Komoto Yuki, Ryu Jiho, Taniguchi Masateru
SANKEN, Osaka University, 8-1 Mihogaoka, Ibaraki, Osaka, 567-0047, Japan.
Artificial Intelligence Research Center, Osaka University, 8-1 Mihogaoka, Ibaraki, Osaka, 567-0047, Japan.
Discov Nano. 2024 Jan 29;19(1):20. doi: 10.1186/s11671-024-03963-4.
Break junction (BJ) measurements provide insights into the electrical properties of diverse molecules, enabling the direct assessment of single-molecule conductances. The BJ method displays potential for use in determining the dynamics of individual molecules, single-molecule chemical reactions, and biomolecules, such as deoxyribonucleic acid and ribonucleic acid. However, conductance data obtained via single-molecule measurements may be susceptible to fluctuations due to minute structural changes within the junctions. Consequently, clearly identifying the conduction states of these molecules is challenging. This study aims to develop a method of precisely identifying conduction state traces. We propose a novel single-molecule analysis approach that employs total variation denoising (TVD) in signal processing, focusing on the integration of information technology with measured single-molecule data. We successfully applied this method to simulated conductance traces, effectively denoise the data, and elucidate multiple conduction states. The proposed method facilitates the identification of well-defined plateau lengths and supervised machine learning with enhanced accuracies. The introduced TVD-based analytical method is effective in elucidating the states within the measured single-molecule data. This approach exhibits the potential to offer novel perspectives regarding the formation of molecular junctions, conformational changes, and cleavage.

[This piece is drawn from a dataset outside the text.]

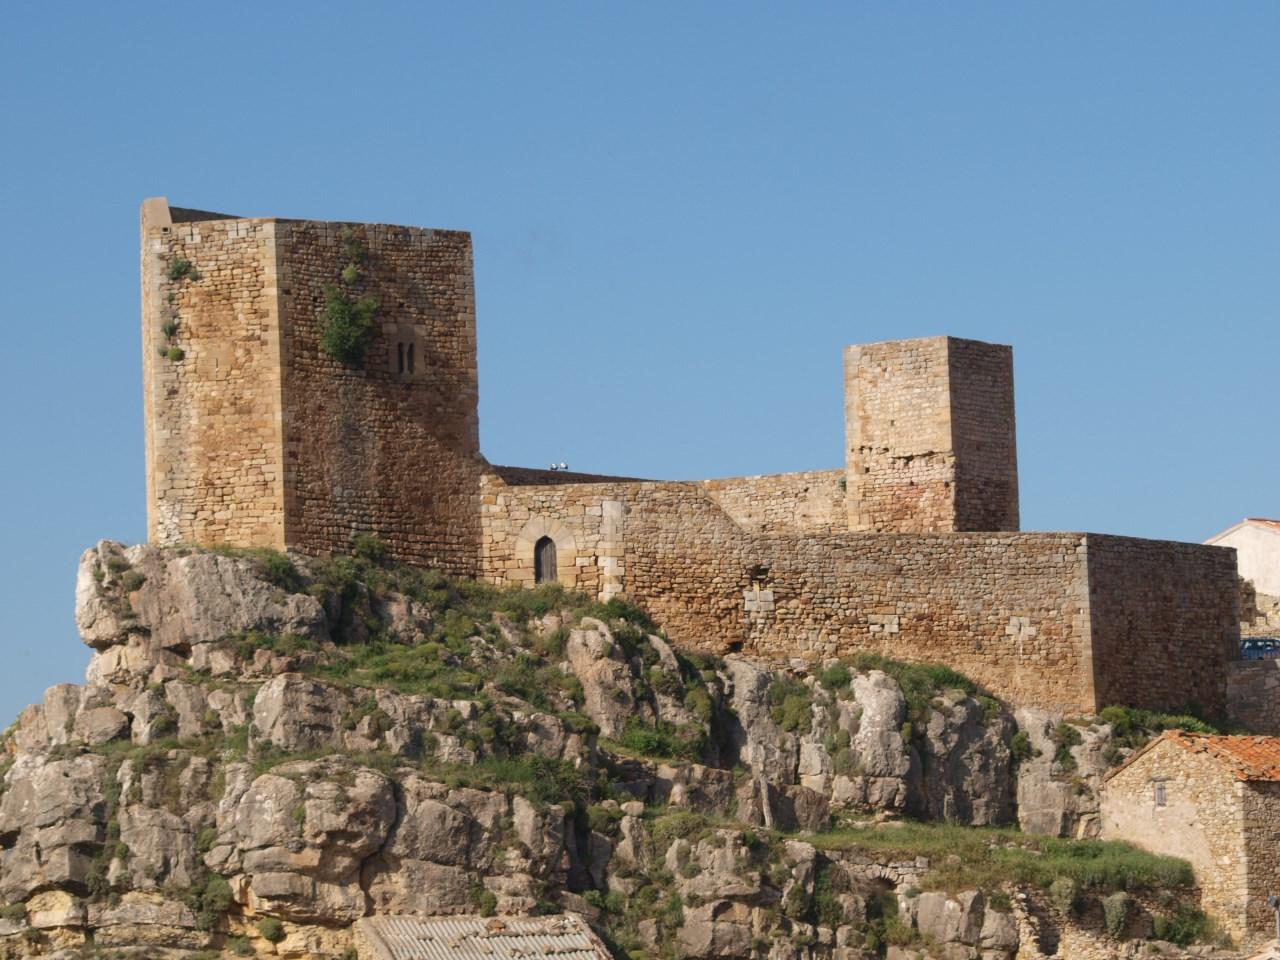 CASTILLO DE PUERTOMINGALVO (TERUEL)

断裂结(BJ)测量为各种分子的电学性质提供了深入了解,能够直接评估单分子电导。BJ方法在确定单个分子的动力学、单分子化学反应以及生物分子(如脱氧核糖核酸和核糖核酸)方面显示出应用潜力。然而,通过单分子测量获得的电导数据可能会因结内微小的结构变化而容易受到波动影响。因此,清晰识别这些分子的传导状态具有挑战性。本研究旨在开发一种精确识别传导状态轨迹的方法。我们提出了一种新颖的单分子分析方法,该方法在信号处理中采用全变差去噪(TVD),重点是将信息技术与测量的单分子数据相结合。我们成功地将此方法应用于模拟的电导轨迹,有效地对数据进行去噪,并阐明了多个传导状态。所提出的方法有助于识别明确的平台长度,并提高监督机器学习的准确性。引入的基于TVD的分析方法在阐明测量的单分子数据中的状态方面是有效的。这种方法有可能为分子结的形成、构象变化和裂解提供新的视角。